Living together alone
Born in 1980, I am at the tail end of Generation X. I identify with those who came of age listening to R.E.M, U2 (when they had rattails) and Pearl Jam. I consider “Wayne’s World” to be one of the most formative influences in my adolescence.
I remember where I was the day Kurt Cobain died.
Folks who like to wax philosophically talk about the rise of the individual and attribute my generation as the first to really prize individualism and then commercialize it.
In high school we were a strange tribe. Covered in our own backwoods Louisiana interpretations of youth filled angst, we dreamed about being different while likewise being surrounded with those who thought just like us.
We were living together alone.
As angst and teenage introspection turned into honest semi-adult questionings, we all found our answers in certain places. I found mine in the Church. In the ancient history of the people called Christians were outsiders like Anthony of the Desert, St. John of the Cross and the monks of Athos. People who banded together with others to ask questions and express another world.
Even then, I was still part of a group prizing individualism in community.
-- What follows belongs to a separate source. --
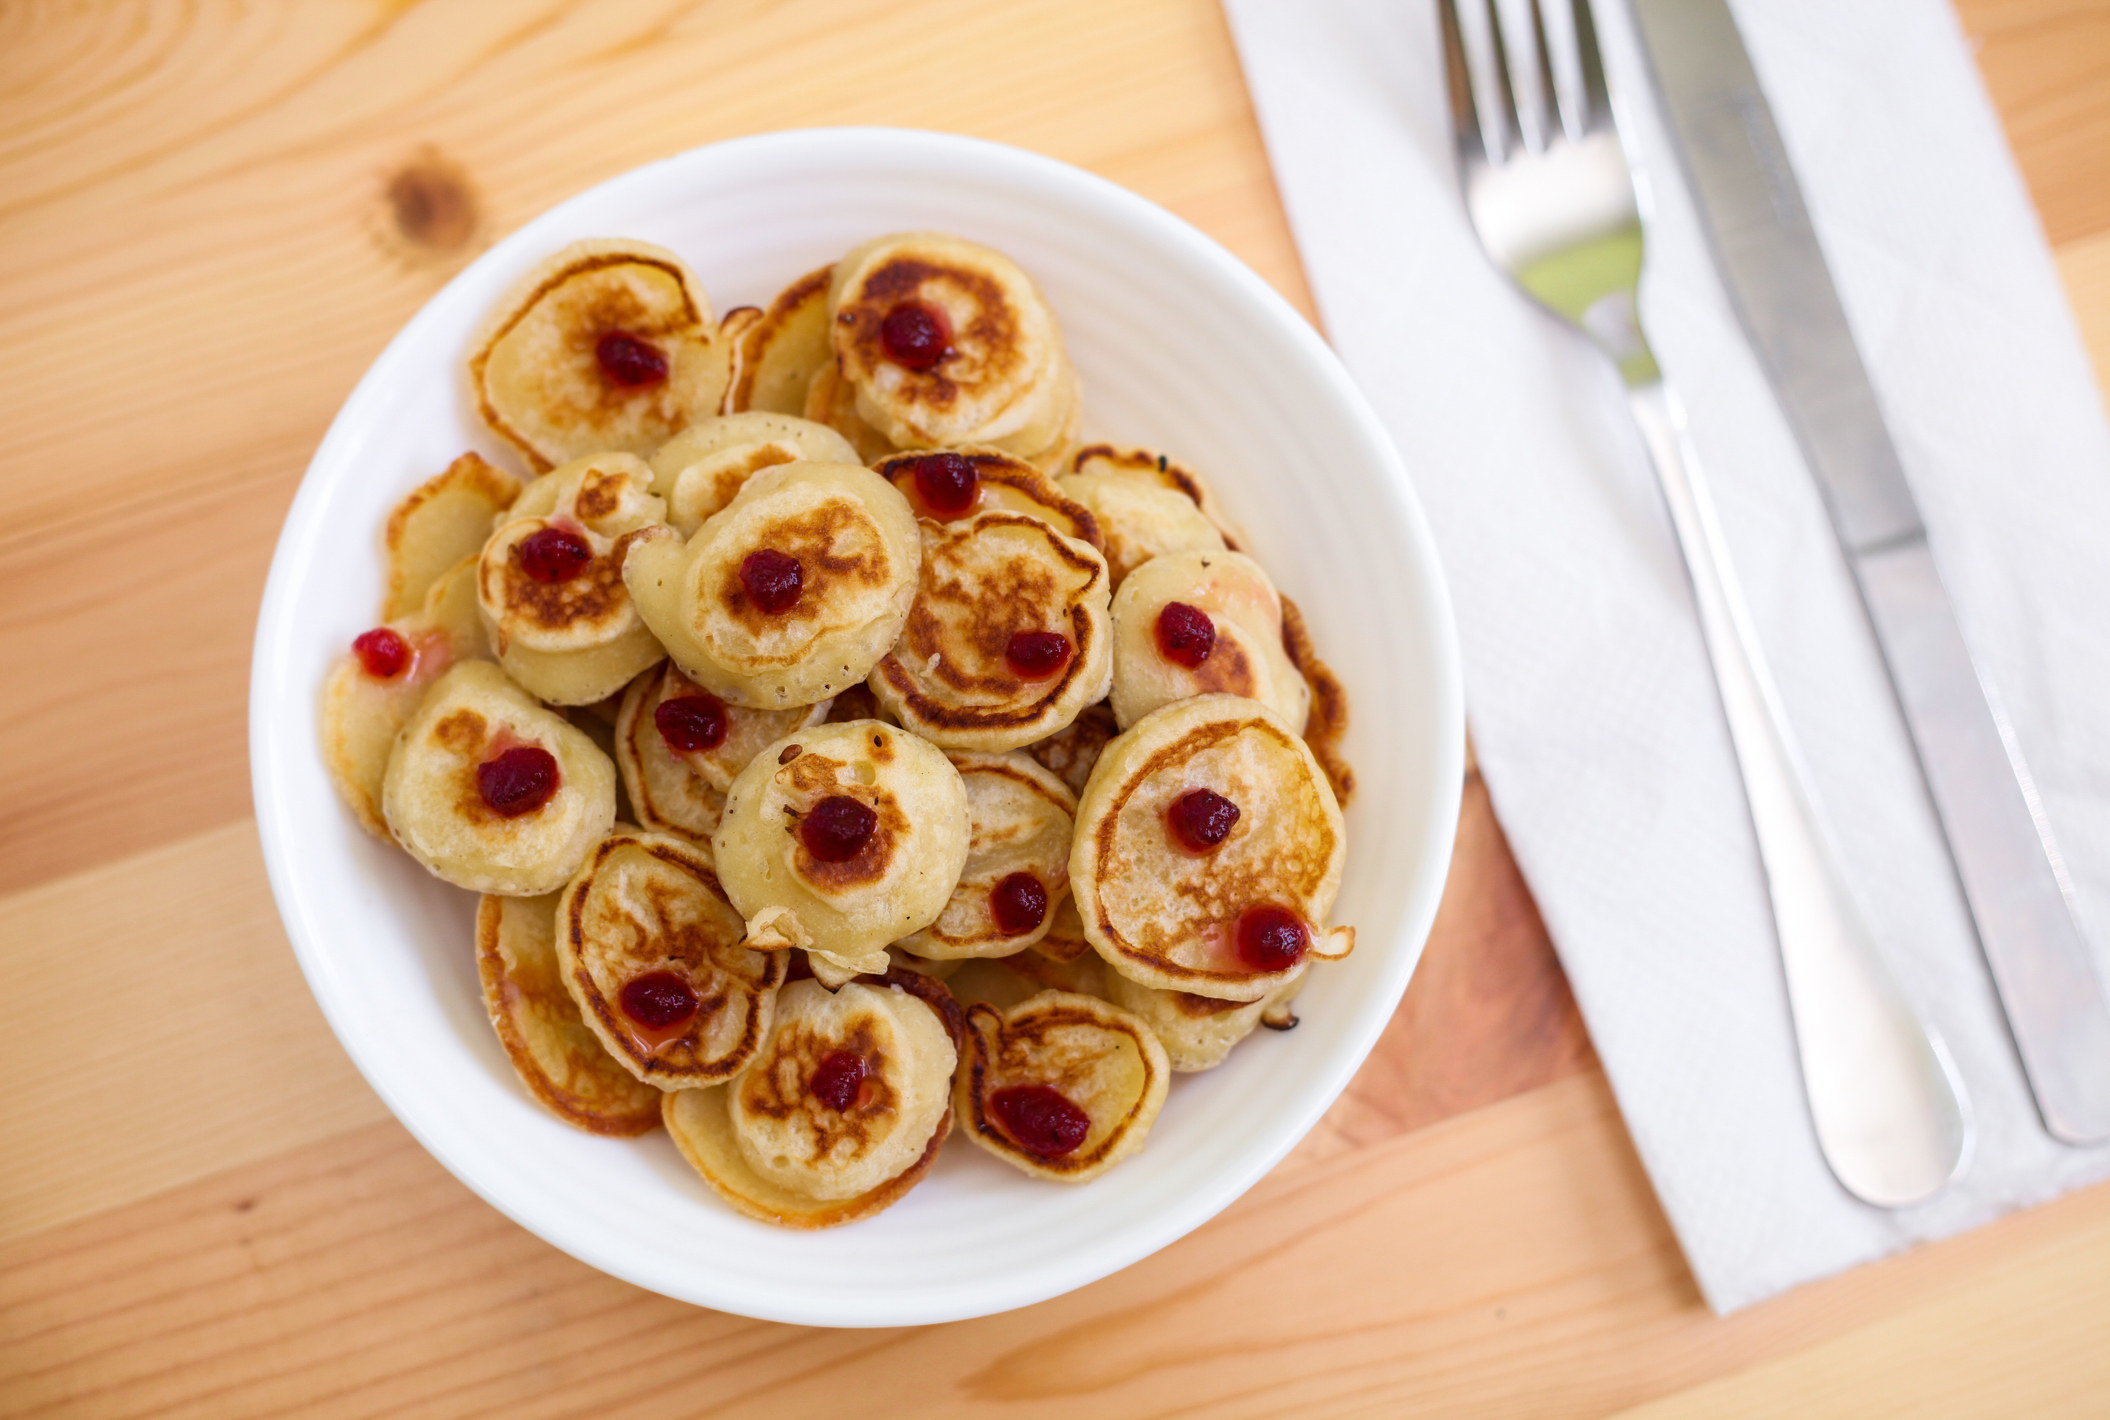 Small medallions of pancakes in a bowl

We still had questions. We dreamed and hoped for a world beyond our immediate horizons. One where we each had a special place.
The older I get, the more I realize how this group of people of a similar age have a unique set of questions and answers to life. We were formed to the lullaby of a particular space and time.Those who came after us (the millennials) are seen as achievers and doers. I would describe myself as a questioner.
I am an oddball. A pastor in a traditional establishment who writes sermons while listening to Alice in Chains. Long ago I quit thinking I would find that perfect world I looked for years ago and allowed myself to be taken over by the radical divine. Perfection has a new definition, one not about me…but totally about another.
I move around in people not like me and find richness and community inside of relationships only explainable in maturity and growth. The rule book of an individual has been thrown out and replaced by a covenant maintained by many.
I still ask questions. I still dream. I do it with others. For their sake.